Ansonsten suggerierte die Musik: Alles wird gut im neuen Jahr. Bestens in Form waren allemal die Mitglieder des Opern-Ensembles: Mirko Roschkowski mit einem verführerisch strahlenden Tenor, Giorgos Kanaris mit seinem eleganten Bariton und Sopranistin Julia Kamenik, die als Wienerin ein Heimspiel hatte.

Sie faszinierte nicht nur mit wechselnder Abendrobe - gleich vier Kreationen waren zu besichtigen -, sondern vor allem mit glutvoller Innigkeit und stimmlich großer Geste bei den ausladenden Szenen vom Waldmägdelein (Vilja-Lied) und Zigeunerleben ("So elend und so treu"). Der Opernchor (Einstudierung Sibylle Wagner) klingt 2010 so unverrückbar qualitätsvoll wie in den Jahren zuvor.

Stefan Blunier hat ein Händchen für die vermeintlich leichte Musik.

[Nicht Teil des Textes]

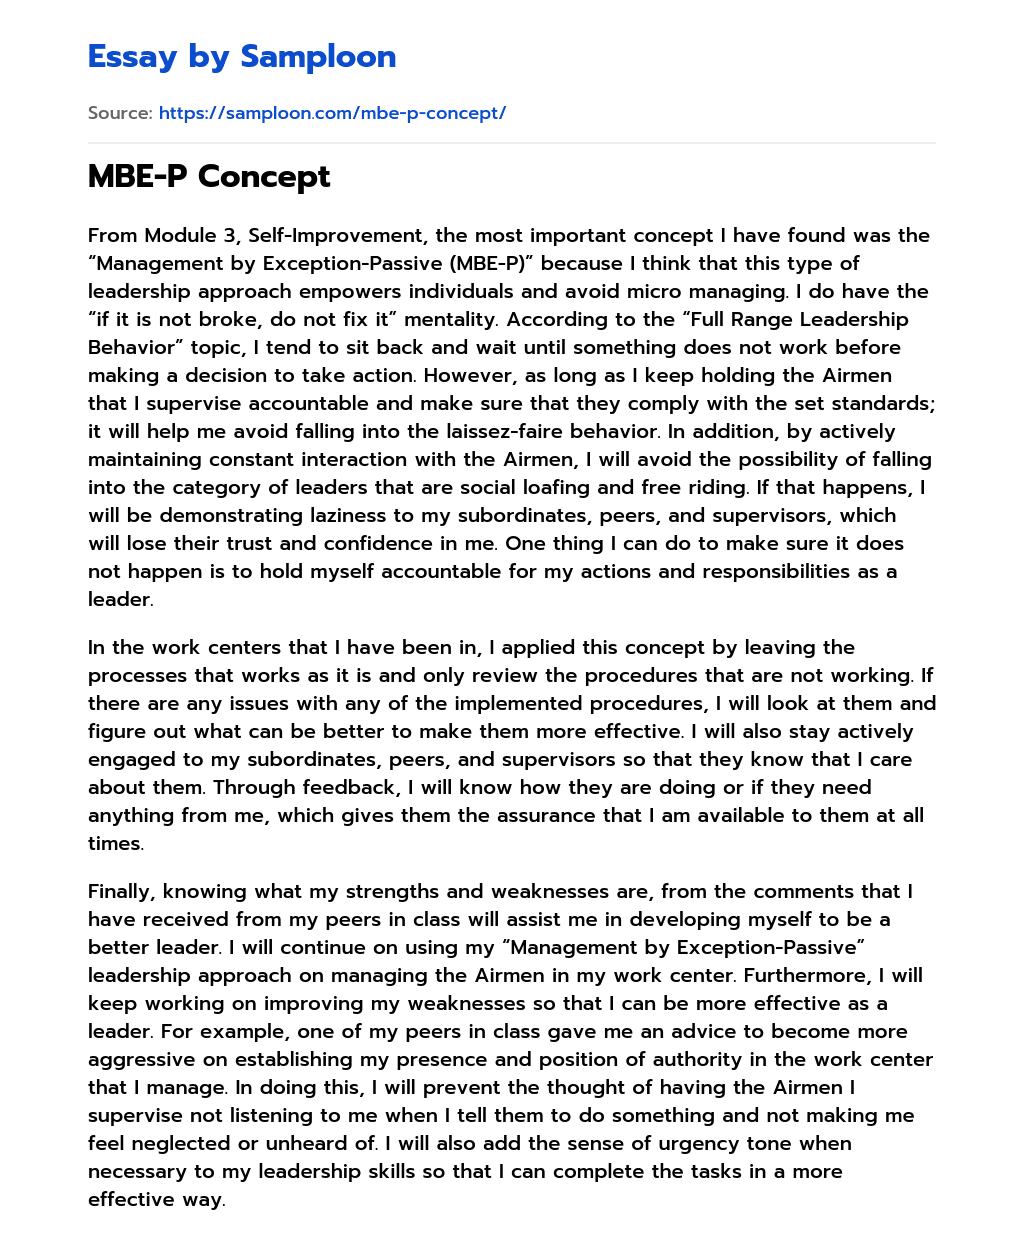 MBE-P Concept essay

Hier eine kleine Verzögerung, dort eine Mini-Beschleunigung, seliges Schluchzen in den Streichern, klug gesetzte Pointen bei den Bläsern, Polkas im Rekord-Tempo, großes Klangschwelgen in allen Liebeslagen und eine gehörige Portion Augenzwinkern:

Das Beethoven Orchester war bei dieser Charme-Offensive voll dabei; das Publikum im natürlich ausverkauften Opernhaus hatte alle Grund, sich zwei Zugaben zu erklatschen (ohne Radetzky-Marsch geht man schließlich nicht nach Hause).

Wer mehr von Blunier im Umfeld von Operette und Walzer hören will, hat dazu schon bald wieder Gelegenheit. Am 28. Februar dirigiert er in der Duisburger Mercatorhalle das WDR Rundfunkorchester; das Programm zum Thema "Musik und Wirtschaft" sieht unter anderem den "Dividenden-Walzer" von Johann Strauss vor.

Von Guido Krawinkel

Beethovens Neunte Symphonie gehört in Bonn zum Jahreswechsel fest dazu. Traditionell nimmt sich Heribert Beissels mit seinen Ensembles Chur Cölnischer Chor und Klassische Philharmonie Beethovens Magnum Opus an und auch dieses Mal ließ er die Konzertbesucher in der voll besetzten Beethovenhalle nicht ohne ein erlesenes Musikerlebnis nach Hause gehen.

Die Klassische Philharmonie zeigte einmal mehr, dass sie ein durch und durch solides Orchester ist, das von Beissel mit starker Hand geführt wird. So saß auch dieses Mal jedes Detail mit bemerkenswerter Präzision, angefangen vom allmählich aus einem scheinbaren Chaos entwachsenen Beginn des Kopfsatzes bis hin zum hymnischen Finale.

Hier machte nicht nur der ausgewogen klingende Chor Freude, auch das aus Cordula Berner (Sopran), Evelyn Krahe (Alt), Klaus Schneider (Tenor) und Sungkon Kim (Bass) bestehende Solistenquartett zeigte sich beim Schlusschor über Schillers Ode an die Freude" von seiner besten Seite.

Begonnen hatte der Neujahrsabend mit einer etwas steifen Ouvertüre von Idomeneo von Mozart. Zu sehr musizierte man auf Sicherheit, zu wenig kam der Schwung dieser Musik zum Tragen. Dafür entschädigten die subtilen Klangfarben, die man dem Schicksalslied op.

54 von Brahms entlockte. Hier zeigten sowohl Chor als auch das Orchester eine reichhaltige Kunst der Differenzierung.